Me avergüenza mirar a Ryan O' Conell, aunque no es mi culpa que su hermano me haya dejado tirada en medio de la nada, vistiendo incluso mi vestido de novia. Me trago la humillación y finjo que todo está bien, mientras subo al auto de mi cuñado. No me fijo en que mis tacones de aguja están llenos de fango y que puedo ensuciar la alfombrilla, pero parece que no es algo que a Ryan le importe.

Tomo asiento en el brillante cuero negro y con el cuerpo tenso, miro al frente. Estoy rígida, mis manos son dos puños apretados y mi mandíbula duele, por aguantar las ganas de llorar que me embargan.

«No preguntes nada, por favor». Me repito interiormente; con suerte, no tendré que dar explicaciones de algo que yo todavía no entiendo.

—No te voy a preguntar qué sucedió, solo necesito que me digas hacia dónde te llevo —aclara y yo giro la cabeza para mirarlo a los ojos. Frunzo el ceño ante la duda de si escuchó o no mis pensamientos—. Tu casa, ¿tal vez?

Escruto su rostro sin mediar palabra, la verdad es que no sé qué responder. Él espera en silencio a que yo tome una decisión. Muerdo mi labio inferior en lo que valoro mis opciones.

—Mi antigua casa no es una opción —murmuro, pensando en voz alta—. Y a la nueva no tengo intenciones de ir…todavía.

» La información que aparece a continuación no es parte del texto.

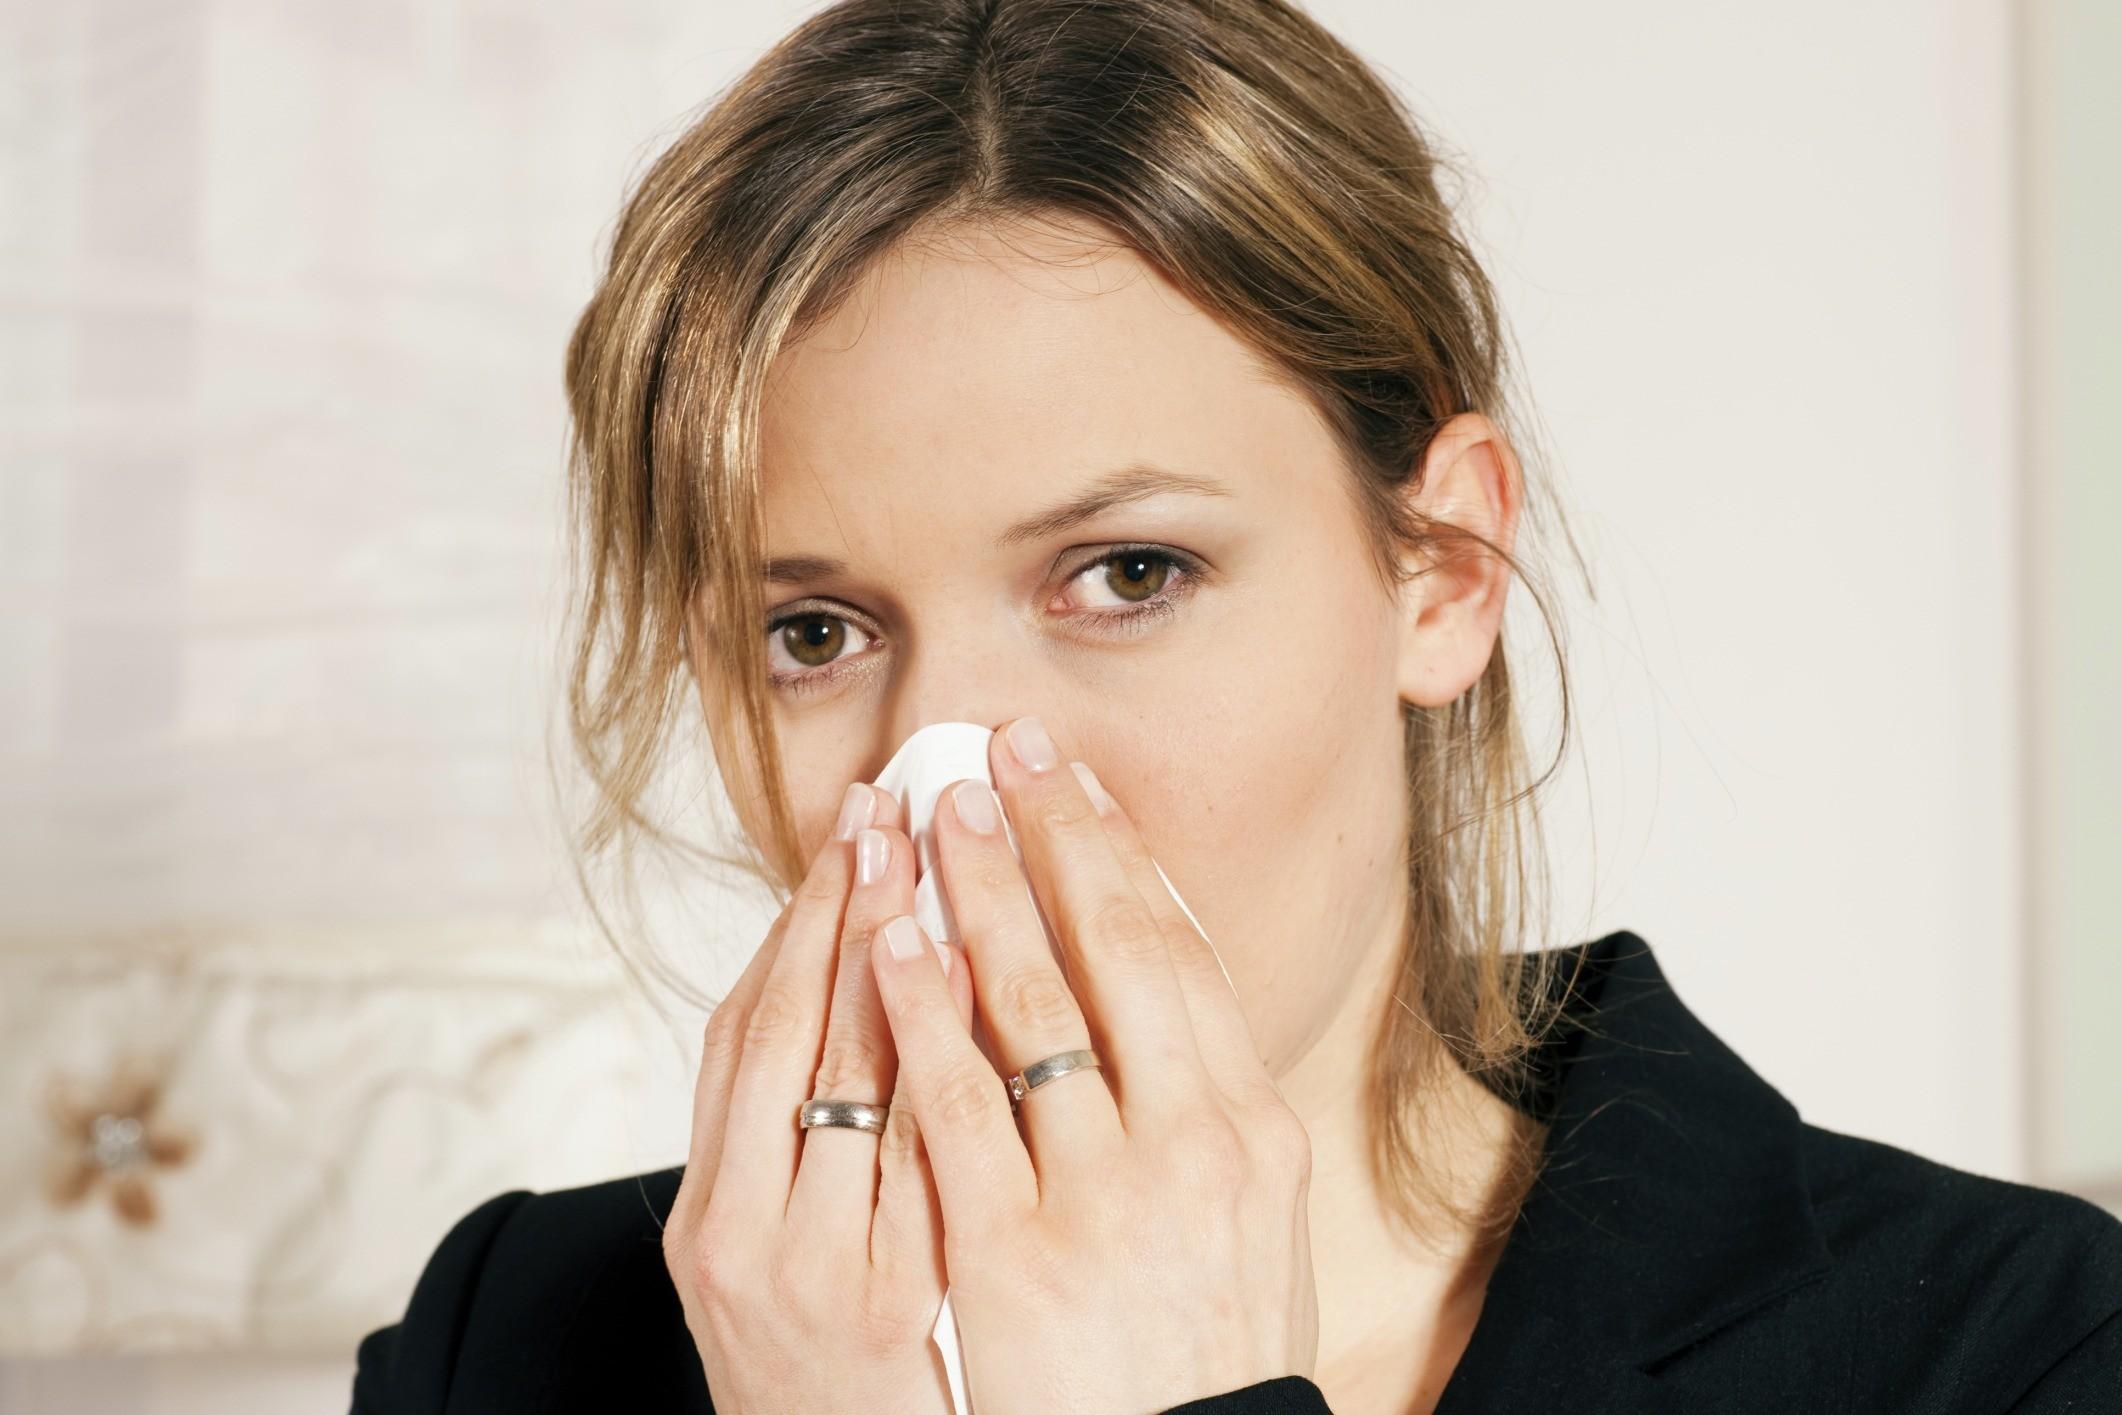 признаки аллергии на глютен у взрослых

Ryan tamborilea sus dedos en el volante y hace una mueca medio divertida. No tengo idea si quiere reírse y solo se aguanta porque antes que todo es un caballero, pero no me extrañaría que quisiera hacerlo. Yo me reiría de mí misma si tuviera ganas. Pero lo único que quiero hacer es olvidar lo sucedido hoy, olvidar que acabo de casarme con un hombre que me odia y que le importa poco mi bienestar si fue capaz de dejarme para irse con una de sus tantas mujeres.

No es que me interese su vida privada, puede follarse a todas las mujeres que le dé su regalada gana; pero cuando su actitud de m****a me afecta a mí, entonces se le acaba su libre albedrío. Eso es algo que debo hacerle entender. Pero, por el momento, solo quiero olvidar.

Y para eso necesito beber.

—Llévame a donde pueda tomar un trago, por favor —pido, mirándolo a los ojos, que son muy parecidos a los de su hermano, pero los suyos son más grises. El azul eléctrico de Dylan nunca antes lo he visto en nadie más.

—No creo que…

—Por favor —lo interrumpo, a punto de hacer un puchero—. Necesito olvidar este desastre.

—Si lo hago, podría traerme problemas con mi hermano —asegura, con tono divertido.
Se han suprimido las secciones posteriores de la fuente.